→ EXERCISE BRIEF: With the pictures removed, the data below must be transcribed in full and exactly.

Top of INPUT DATA

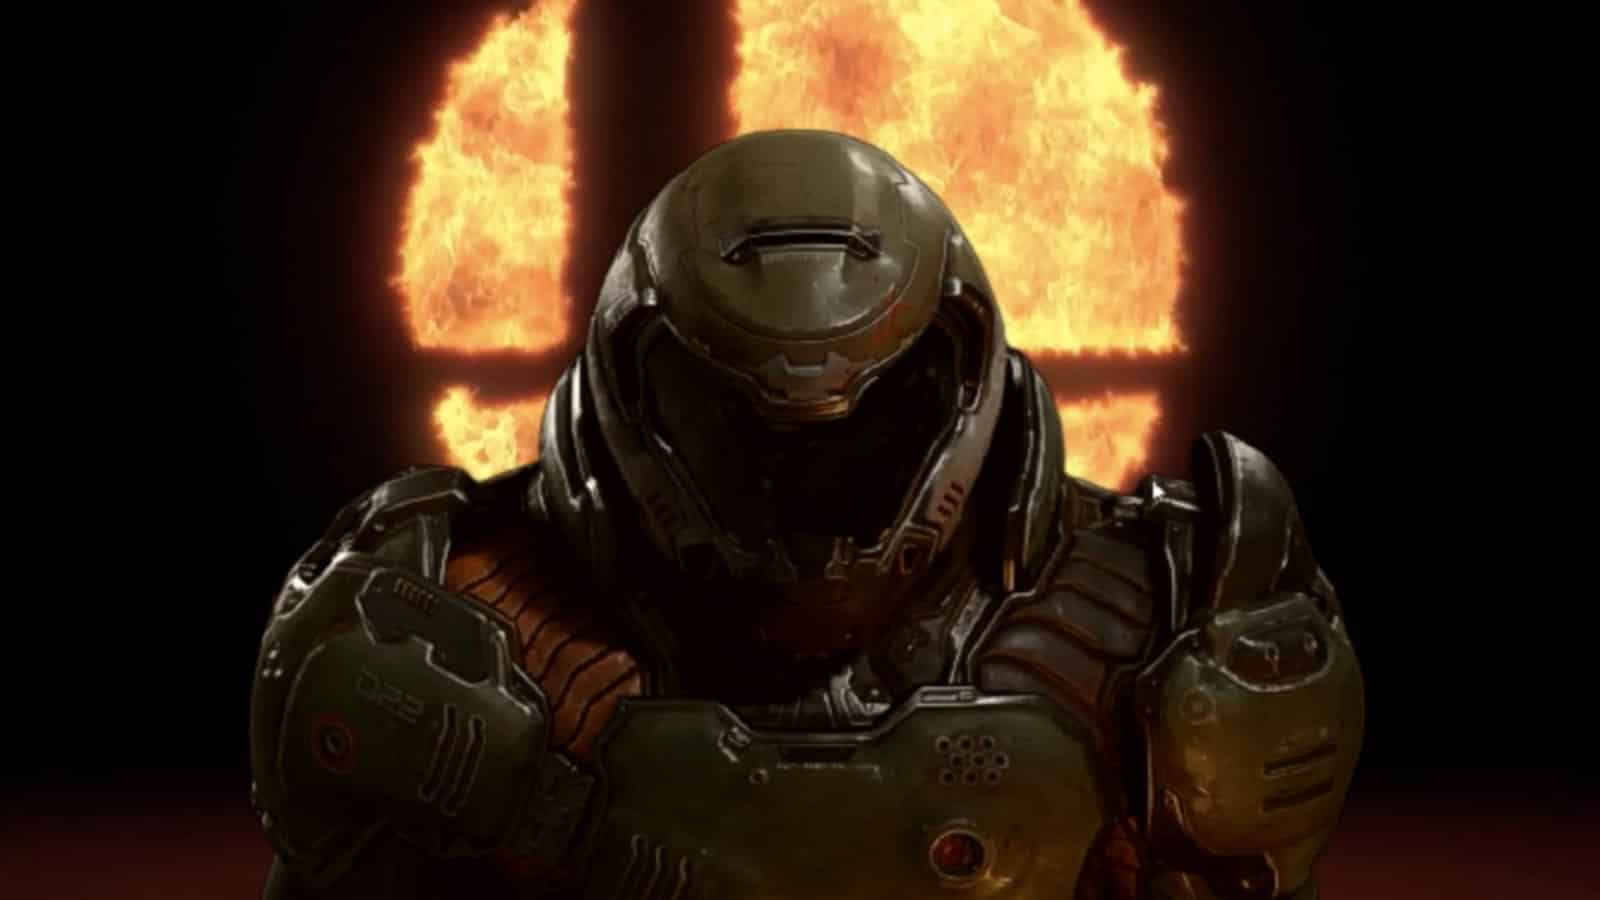 Doomslayer in smash ultimate as DLC fighter
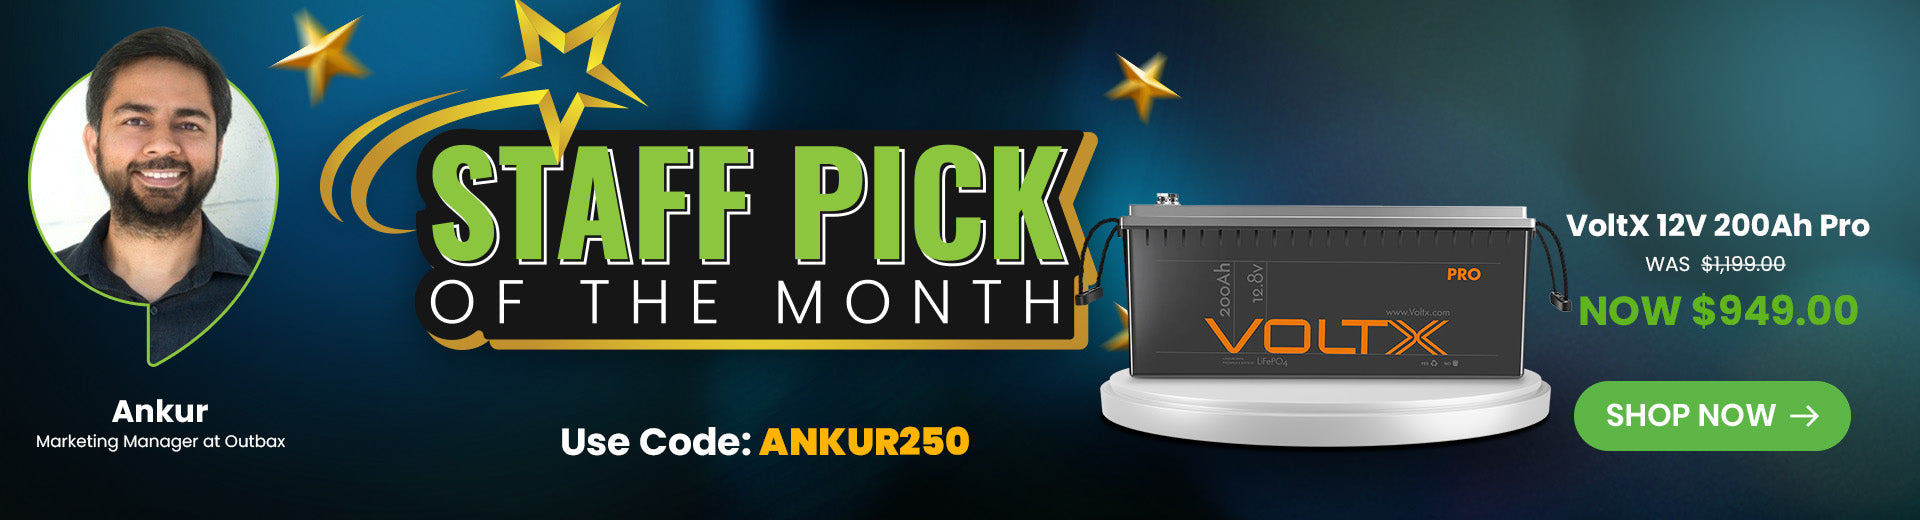 Ankur Staff Pick of the Month
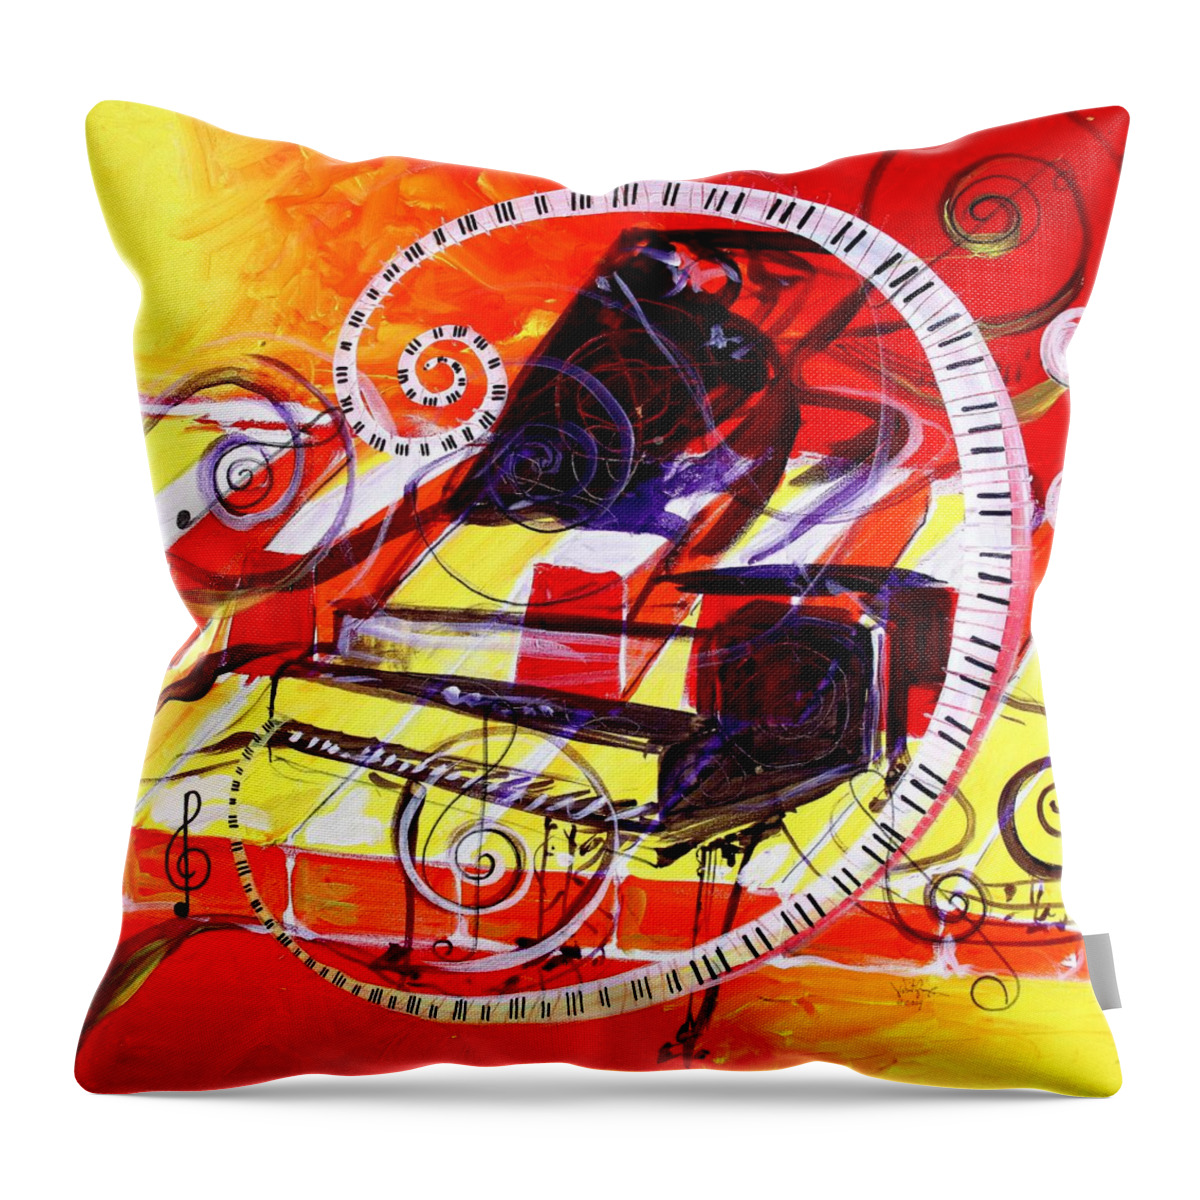 Piano Throw Pillow featuring the painting Abstract Jazzy Piano by J Vincent Scarpace
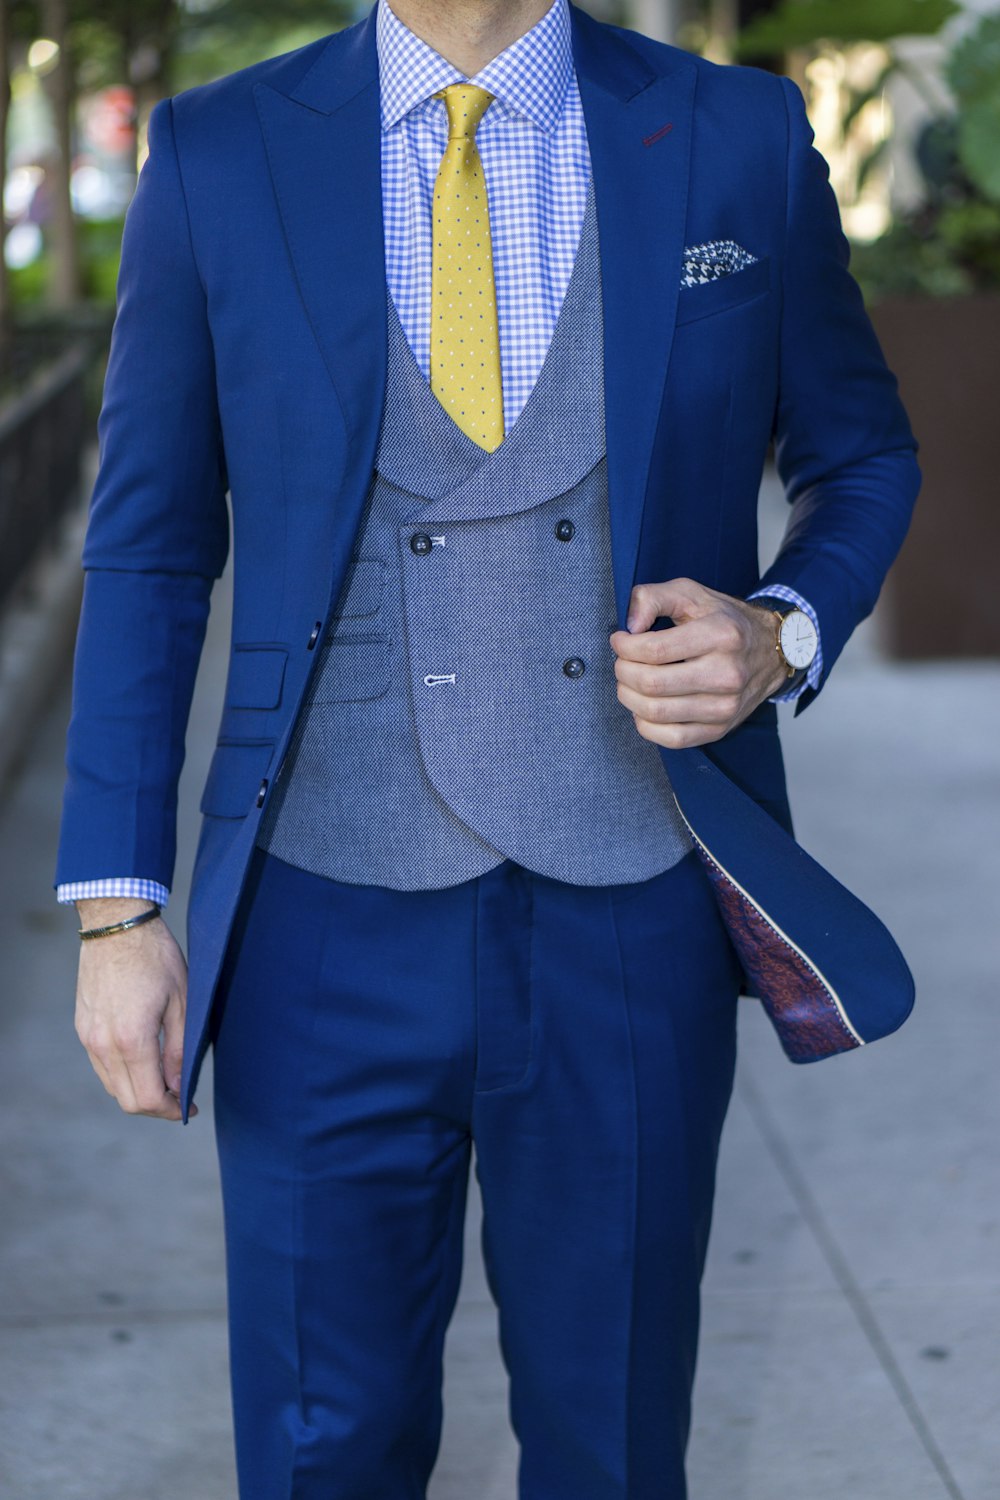 man in blue suit standing on road during daytime
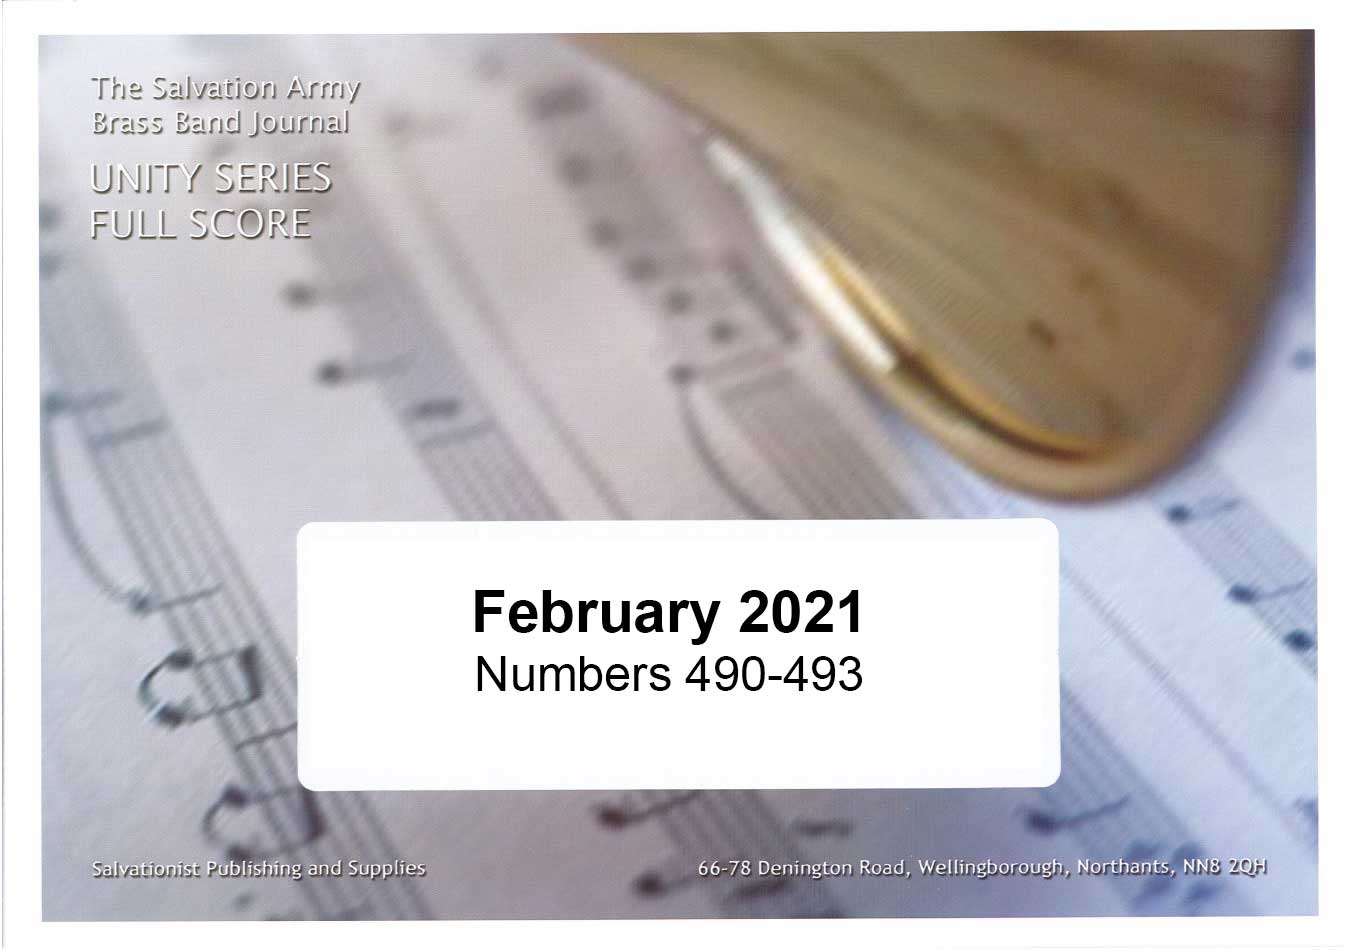 Unity Series Band Journal - Numbers 490 - 493, February 2021

Bottom of INPUT DATA

→ ANSWER FOR THE TASK:
 Doomslayer in smash ultimate as DLC fighter
 Ankur Staff Pick of the Month
 Piano Throw Pillow featuring the painting Abstract Jazzy Piano by J Vincent Scarpace
 man in blue suit standing on road during daytime
 Unity Series Band Journal - Numbers 490 - 493, February 2021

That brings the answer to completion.